- Cass. ass. plén., 4 avril 2025, n° 21-24.439
Peut-on demander au juge judiciaire d’apprécier le bien-fondé et les conséquences patrimoniales d’une décision prise par une autorité religieuse ? En répondant par la négative, la Cour de cassation est venue rappeler, dans un arrêt attendu du 4 avril 2025, les limites de l’intervention du juge judiciaire dans les affaires ecclésiastiques. Elle y réaffirme les principes de laïcité et d’autonomie des communautés religieuses et écarte la compétence des juridictions étatiques lorsque les préjudices invoqués ne sont pas détachables de la décision religieuse.
À l’origine du litige, un ancien diacre, renvoyé de l’état clérical à la suite d’une sentence pénale ecclésiastique, confirmée en appel par le tribunal de la Rote romaine, contestait cette décision devant le juge judiciaire afin d’obtenir l’annulation de cette décision et sa réintégration dans ses fonctions. Il réclamait, en outre, la réparation de divers préjudices résultant de son renvoi, dont la perte de logement de fonction, de couverture sociale, et de moyens de subsistance.
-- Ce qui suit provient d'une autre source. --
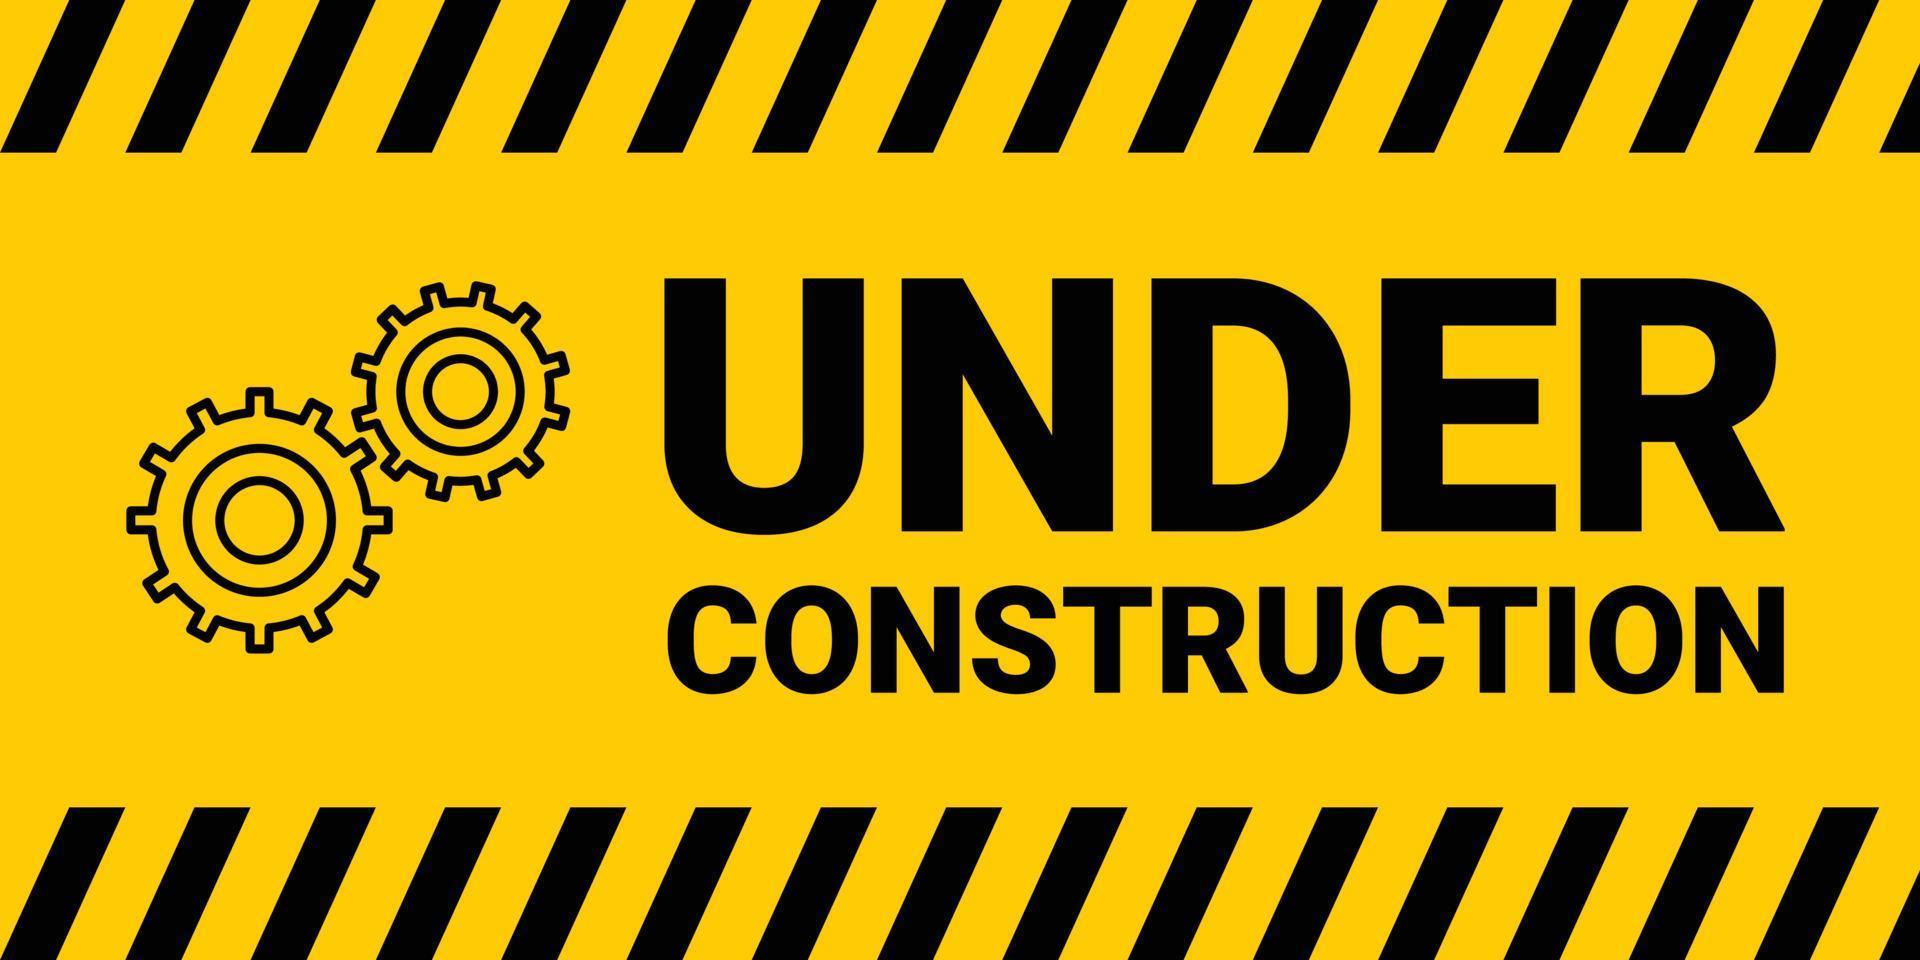 Under construction industrial background vector

Par un arrêt du 2 février 2021, la Cour d’appel de Toulouse s’est déclarée incompétente pour connaître tant de la demande tendant à contester la décision ecclésiastique que de celle tendant à l’indemnisation des préjudices qui en résultait. L’ex-diacre a alors formé un pourvoi en cassation, invoquant notamment la violation de son droit à un procès équitable garanti par l’article 6 § 1 de la Convention européenne des droits de l’homme. Il soutenait que sa relation avec l’association diocésaine relevait également du droit civil, en raison de l’existence d’un contrat comportant des obligations réciproques : l’accomplissement de missions cultuelles d’une part, et la fourniture d’un logement, d’une rémunération et d’une couverture sociale d’autre part. Il reprochait également à la cour d’appel d’avoir exigé l’épuisement des voies de recours prévues par le droit canon, alors que les droits invoqués relevaient, selon lui, de l’ordre juridique étatique.
L’assemblée plénière, saisie à la suite du renvoi de l’affaire par la deuxième chambre civile, devait ainsi déterminer si les juridictions de l’ordre judiciaire pouvaient connaître des conséquences patrimoniales directement liées à une décision prise par une autorité religieuse. Pour y répondre, la Cour se réfère à l’article 6 § 1 de la Convention européenne des droits de l’homme, tel qu’interprété notamment dans l’arrêt Károly Nagy c. Hongrie (CEDH, 14 sept. 2017, n° 56665/09), aux termes duquel cette disposition n’est applicable que si le requérant peut se prévaloir, de manière défendable, d’un droit reconnu en droit interne. En l’espèce, la Cour constate, à la lumière du droit national pertinent, que les avantages matériels invoqués (logement, rémunération, couverture sociale) étaient indissociables de l’exercice des fonctions cultuelles et ne procédaient d’aucun engagement civil distinct. Ce constat s’appuie sur les principes constitutionnels de laïcité et d’autonomie des communautés religieuses, consacrés par l’article 1 de la Constitution, par la loi du 9 décembre 1905, et réaffirmés par la jurisprudence de la Cour européenne des droits de l’homme, du Conseil constitutionnel, du Conseil d’État et de la Cour de cassation. La Cour rappelle en effet que l’engagement religieux n’est pas de nature à créer des obligations civiles, de sorte que « ces ministres du culte ne sauraient davantage soutenir que les avantages matériels qui leur sont octroyés pour l’exercice de leurs fonctions cultuelles le sont en exécution d’un contrat » et déduit qu’ « il n’appartient pas au juge judiciaire d’apprécier la régularité ou le bien-fondé d’une décision prise par une autorité religieuse légalement établie en application des règles internes qui la gouvernent ». Elle précise néanmoins que cette exclusion n’est pas absolue, en réservant l’hypothèse, non caractérisée en l’espèce, dans laquelle le préjudice invoqué serait « détachable de l’engagement religieux », au regard de la nature du droit invoqué et de son autonomie par rapport à la décision ecclésiastique.
La notion de « préjudice détachable », appelée à jouer un rôle décisif, méritera donc d’être précisée, afin que la protection des droits fondamentaux ne soit pas reléguée au nom du principe, pourtant essentiel, de laïcité.